Extrait du registre des poursuites falsifié?
Pendant ce temps, Viva Solar se noie dans les dettes. Peu avant Noël, l'entreprise avait des commandements de payer, des poursuites et des saisies en cours pour une valeur de plus de 1,3 million de francs. Blick dispose d'un extrait du registre des poursuites.
Sofija V. raconte que son ancien patron envoie à ses clients un extrait vierge du registre des entreprises datant de juin 2024. Blick détient cet extrait, ainsi que des commandements de payer et des menaces de faillite déjà ouverts en juin 2024. En d'autres termes, l'extrait ne semble pas être authentique.
«Parfois, Ivan devenait nerveux vers la fin du mois parce qu'il n'avait plus d'argent. Il licenciait alors arbitrairement quelques collaborateurs», raconte Sofija. Il lui envoie aussi une lettre de licenciement fin novembre dernier. Il y affirme que Sofija a elle-même démissionné et qu'elle ne s'est plus présentée au travail. Elle n'aurait donc pas droit à son salaire de novembre. «Un mensonge éhonté!»
Sa collègue de travail Dunja L.* vit la même chose. Elle n'a pas reçu son salaire. «J'ai essayé de joindre Ivan.

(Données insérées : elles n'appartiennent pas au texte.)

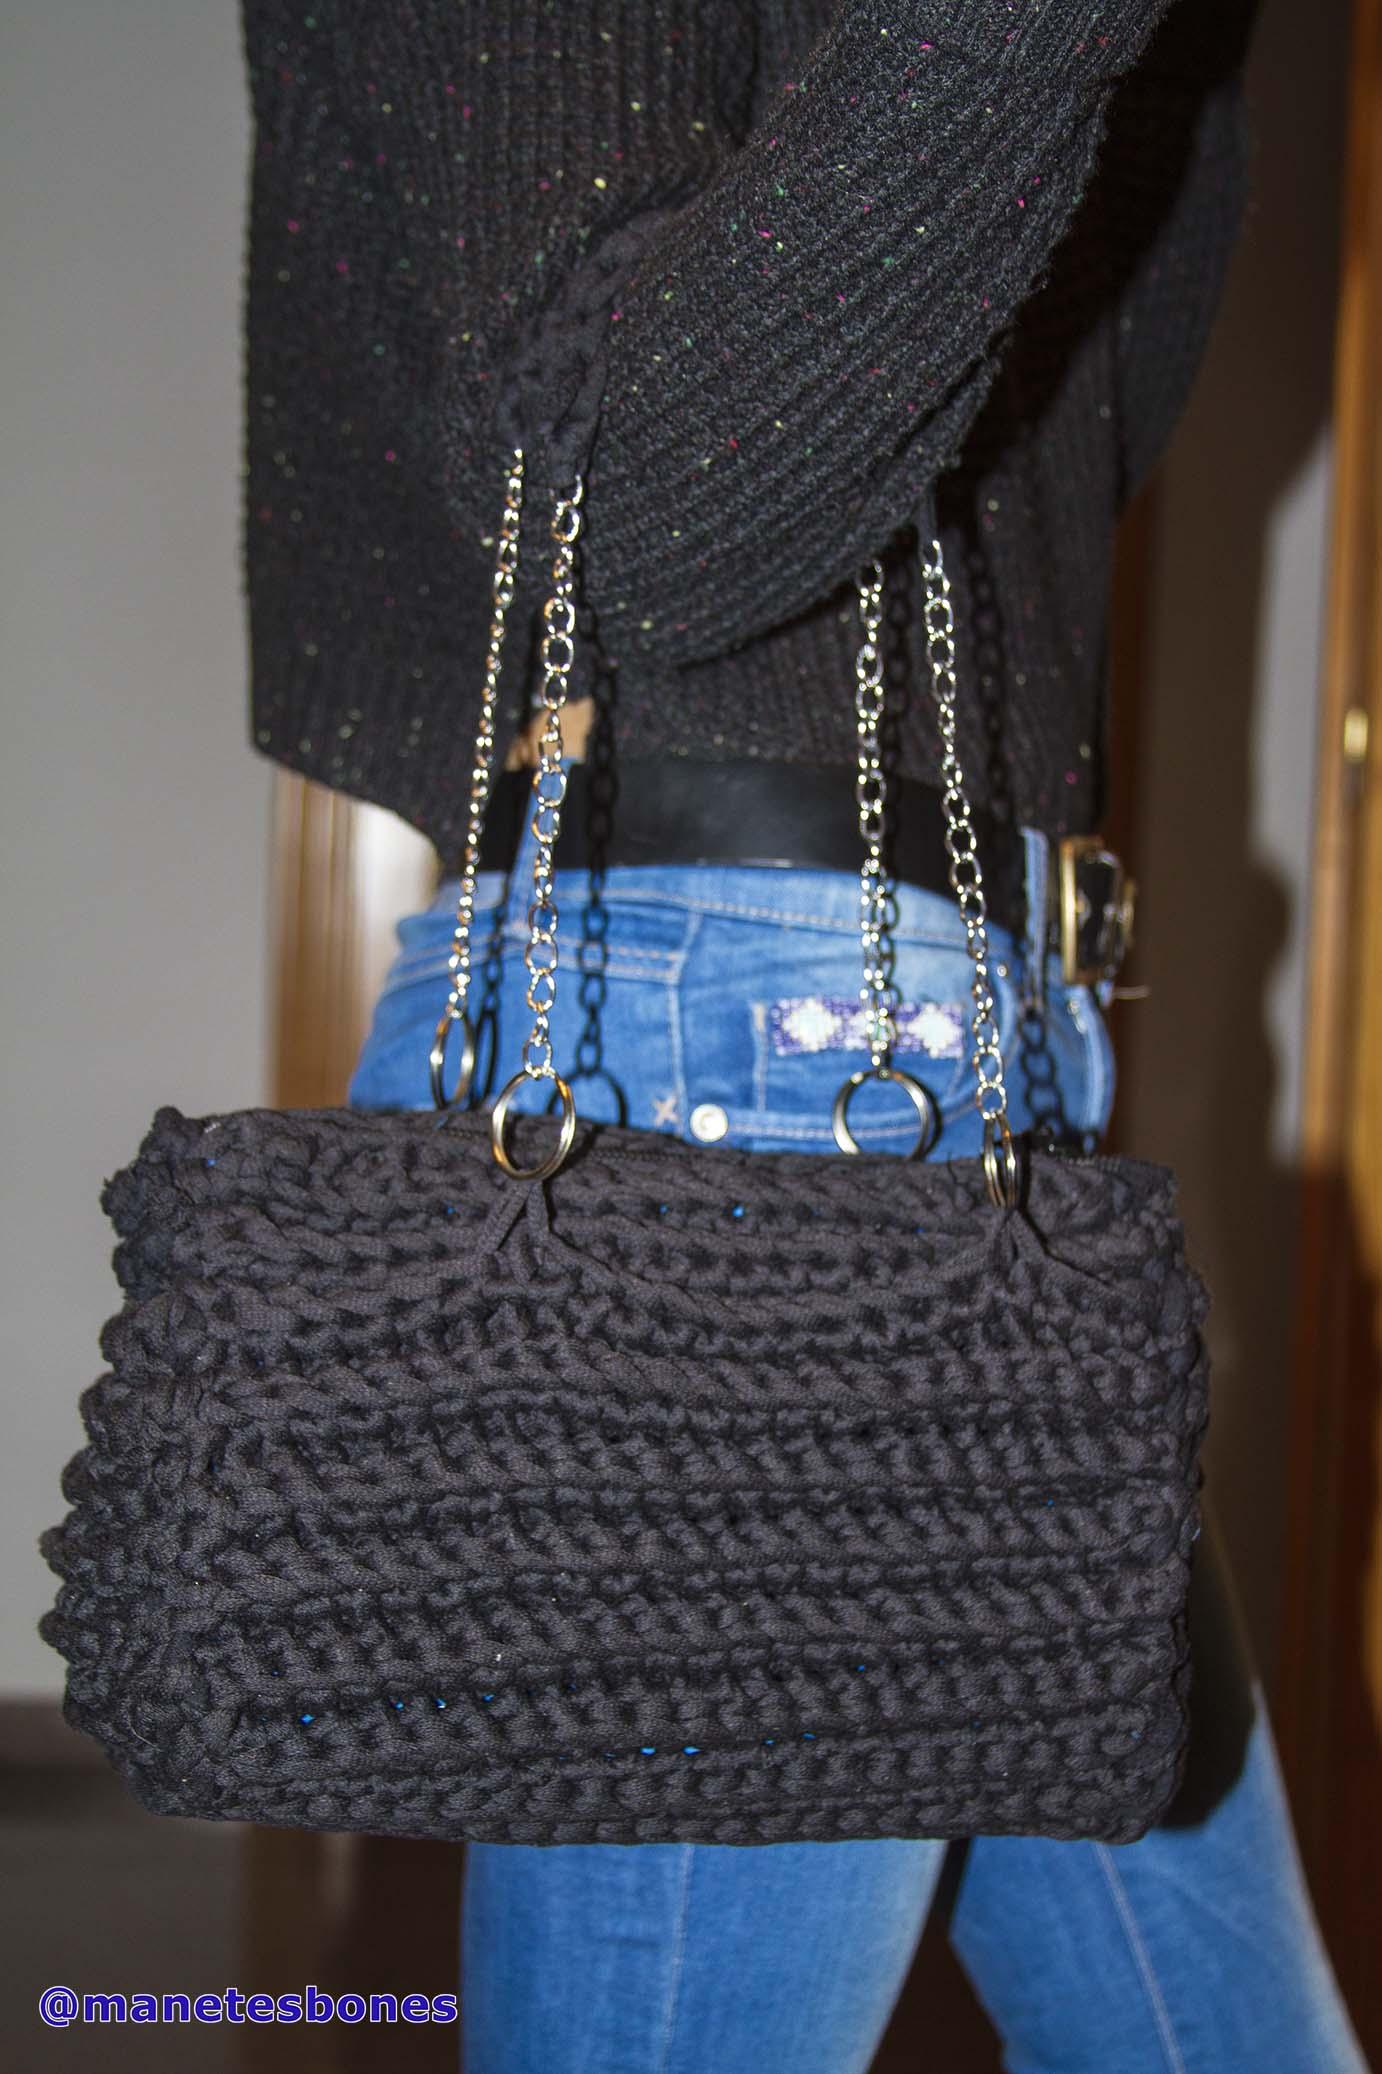 Bolsos manetes bones - Hacer bolsos de trapillo ...

Il a bloqué mon numéro», explique-t-elle.
Ivan H. sèche les rendez-vous au tribunal
Lukas Auer, du service juridique du syndicat Unia, représente de nombreux ex-employés devant les tribunaux. «Chaque semaine, de nouvelles personnes concernées s'annoncent», assure-t-il. Certaines procédures ont déjà été portées devant l'office de conciliation. Lukas Auer précise: «Ivan n'a jamais comparu jusqu'à présent.»

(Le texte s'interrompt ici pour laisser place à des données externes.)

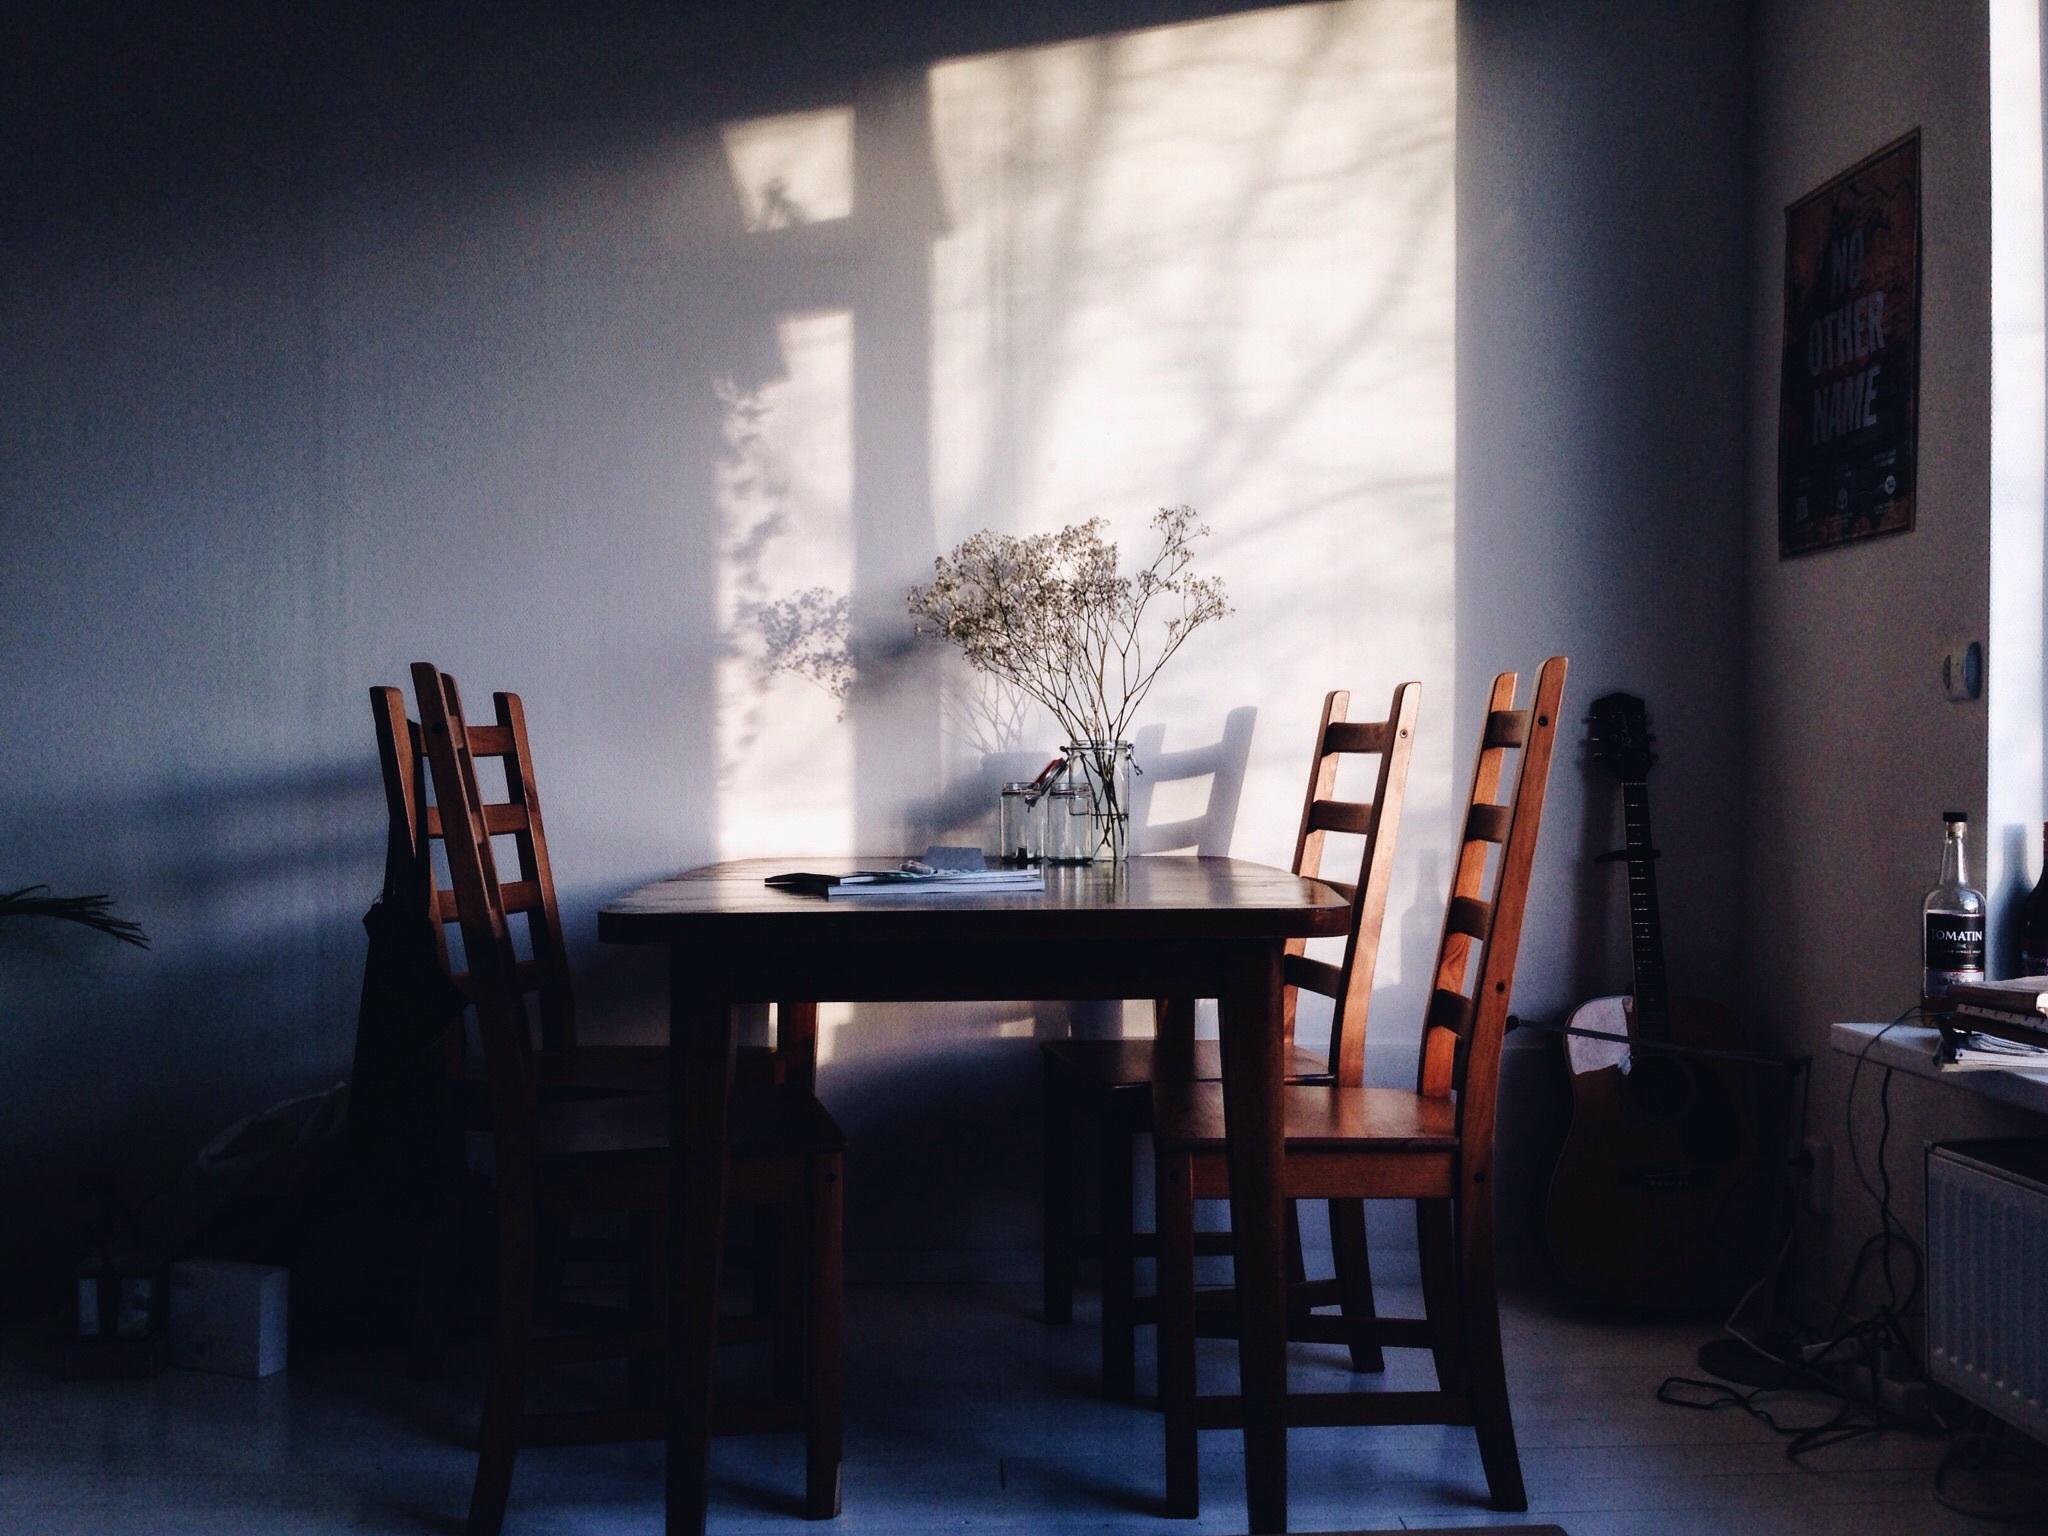 Illuminazione Tavoli Ristorante : Immagini belle ristorante camera illuminazione interior

Début décembre, il aurait dû se présenter devant le tribunal de district de Münchwilen (TG). Le monteur Gabriel, dont l'échelle était tombée du toit, a en effet réclamé ses heures supplémentaires et le remboursement des retenues sur salaire pour l'amende et l'échelle. Mais cette fois encore, Ivan fait l'école buissonnière et l'audience se déroule sans lui.
Selon le journal «Work» d'Unia, le tribunal a décidé qu'Ivan devait à la fois régler les heures supplémentaires et rembourser les retenues sur salaire au monteur. Au total, cela représente près de 9000 francs. De plus, Gabriel recevra 800 francs de dédommagement extrajudiciaire de la part du patron de Viva Solar. Ivan a toutefois la possibilité de faire recours, écrit le journal.

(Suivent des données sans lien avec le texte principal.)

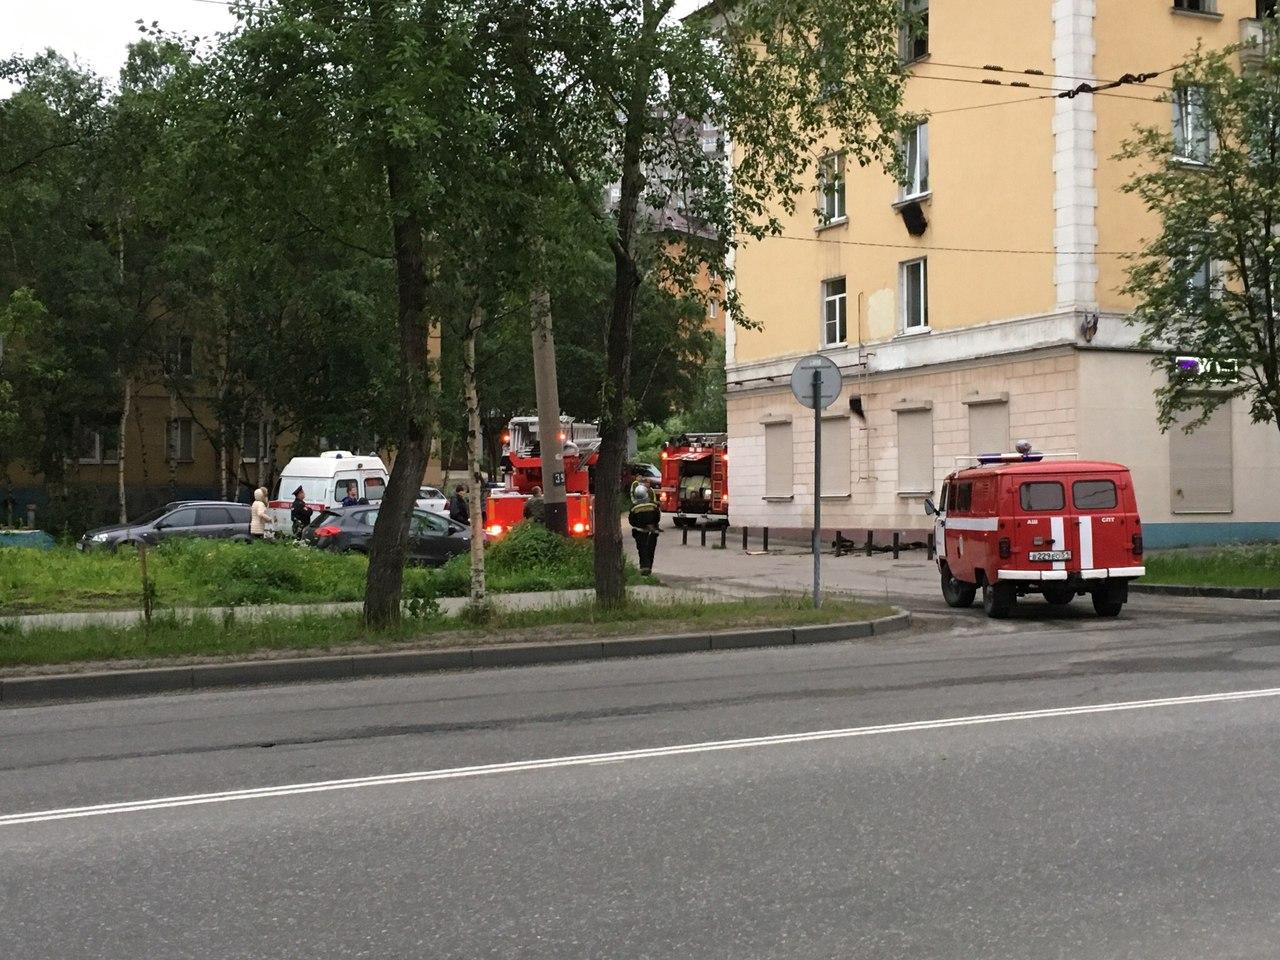 Ночью в Мурманске на проспекте Ленина горели квартира и машина

Le ministère public confirme la plainte
Certains reproches à l'encontre d'Ivan pourraient relever du droit pénal, par exemple la rétention des cotisations aux assurances sociales ou la falsification de l'extrait du registre des poursuites. La présomption d'innocence s'applique néanmoins.
Viva Solar est enregistrée à Saint-Gall. Pour Blick, le Ministère public confirme qu'une plainte a été déposée contre le propriétaire.
Ivan n'a répondu à aucune de nos demandes. Fin novembre, il a nié toutes les accusations dans un article du journal «Work» d'Unia. Les salaires ont été «payés correctement» et les «manquements antérieurs» ont été «rapidement réglés» avec les autorités. Il a ajouté: «Si quelqu'un a un problème, qu'il vienne me parler. Ma porte est ouverte à tous.»
Depuis début décembre, le patron de Viva Solar ne s'est pratiquement plus montré dans son magasin. Le loueur des voitures de l'entreprise a réclamé le remboursement des véhicules. La plupart des employés restants n'ont pas reçu leur paie de décembre et leur 13e salaire. Ils ne se rendent plus au magasin, ils ont abandonné l'espoir qu'Ivan les paie pour leur travail.